Vibrotactile alerts are widely studied and implemented in today’s user interfaces, especially in environments saturated with visual and auditory information, such as transportation. However, designing vibrotactile alerting systems is challenging due to the research literature being siloed and inconsistent, as well as the lack of available models for predicting user response performance. This dissertation describes steps taken to address these two research gaps through 1) a scoping literature review of unimodal vibrotactile alerts and 2) a study to evaluate the predictive performance of the established noticing-saliency-effort-expectancy-value (N-SEEV) model with a novel tactile module, which involved a human-subjects experiment in a simulated driving environment. Research findings from the review suggest that ground transportation research has significantly influenced the designs of vibrotactile alerts. Future systematic literature reviews with meta-analyses and further research studies are proposed to support identifying universal design principles by first building knowledge in application domains other than transportation.
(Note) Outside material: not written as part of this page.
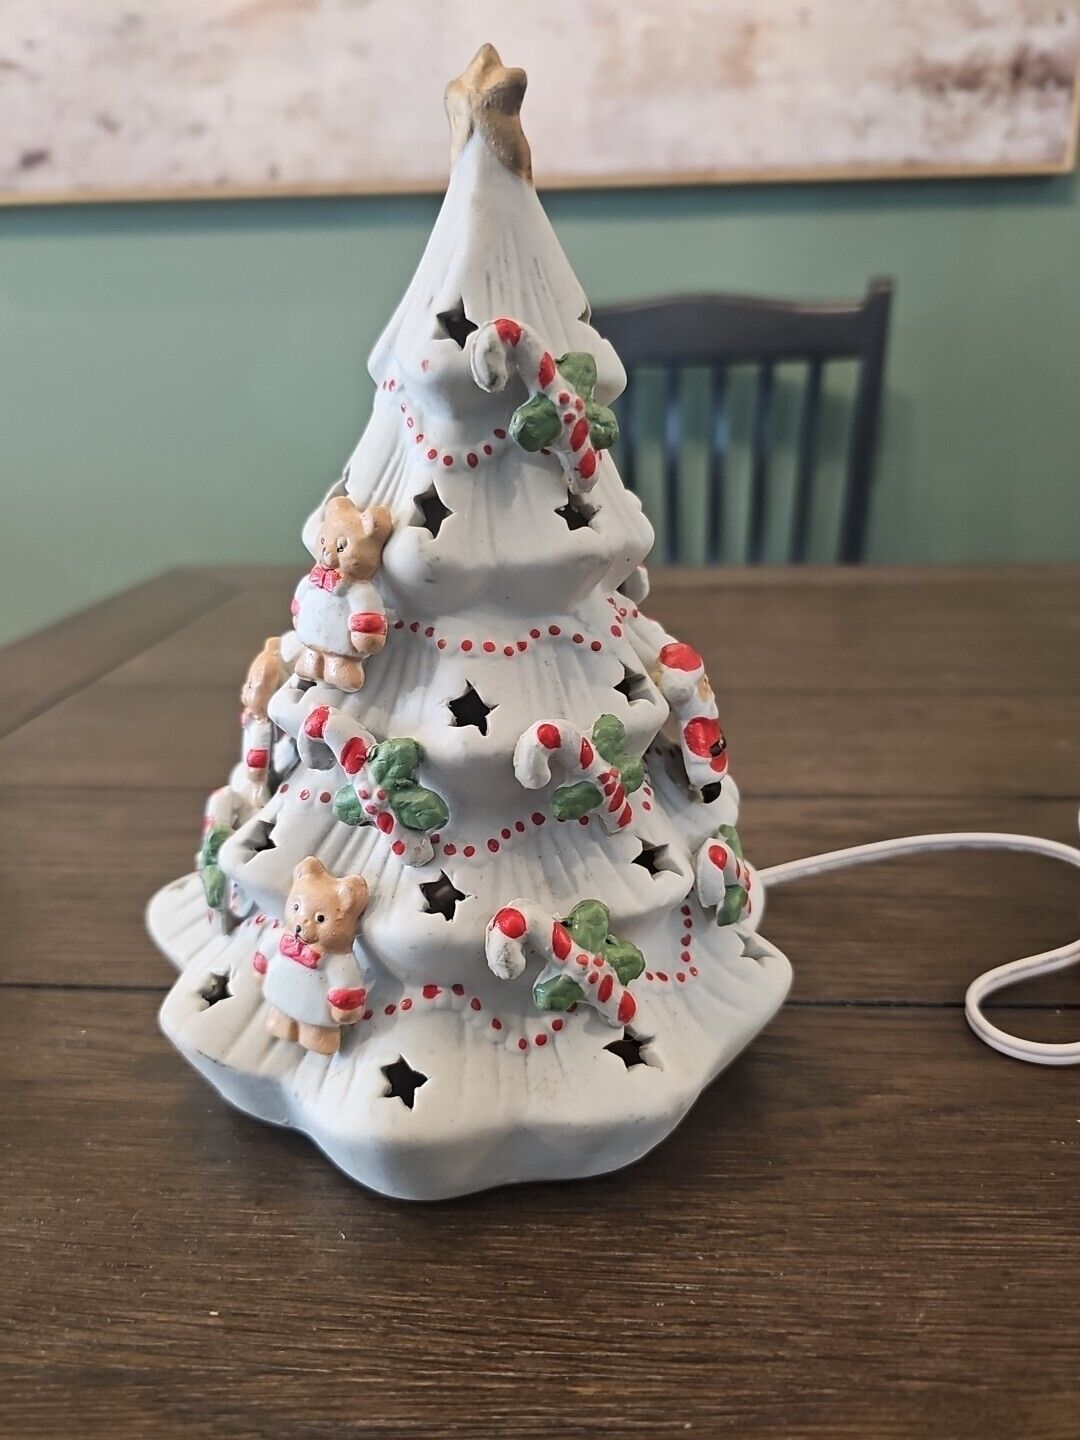 Vintage Ceramic Light Up White Christmas Tree  Candy Canes, Teddy Bears, Santa

A reporting items standard is also recommended with foundational guidance for the most important alert parameters, including frequency, duration, and intensity, to address the prevalent absence of information needed for replicating reported alert designs. The N-SEEV model showed promise in visual-only conditions; thus, further evaluation in the driving context is recommended. The tactile module, however, was unable to accurately predict noticing time with vibrotactile alerts. Therefore, guidance for future parameters, noticing metrics, and model structures was outlined. Overall, results from this dissertation can be used to guide the design of future vibrotactile alerting systems, as well as the development of human performance models to predict response time and accuracy to those alerts.

BIOGRAPHY

James Parkinson is a Ph.D. candidate in the Edwardson School of Industrial Engineering at Purdue University. He earned his B.S. in Industrial Engineering from Purdue University. His research focuses on improving the design of alerting systems in surface transportation and other contexts.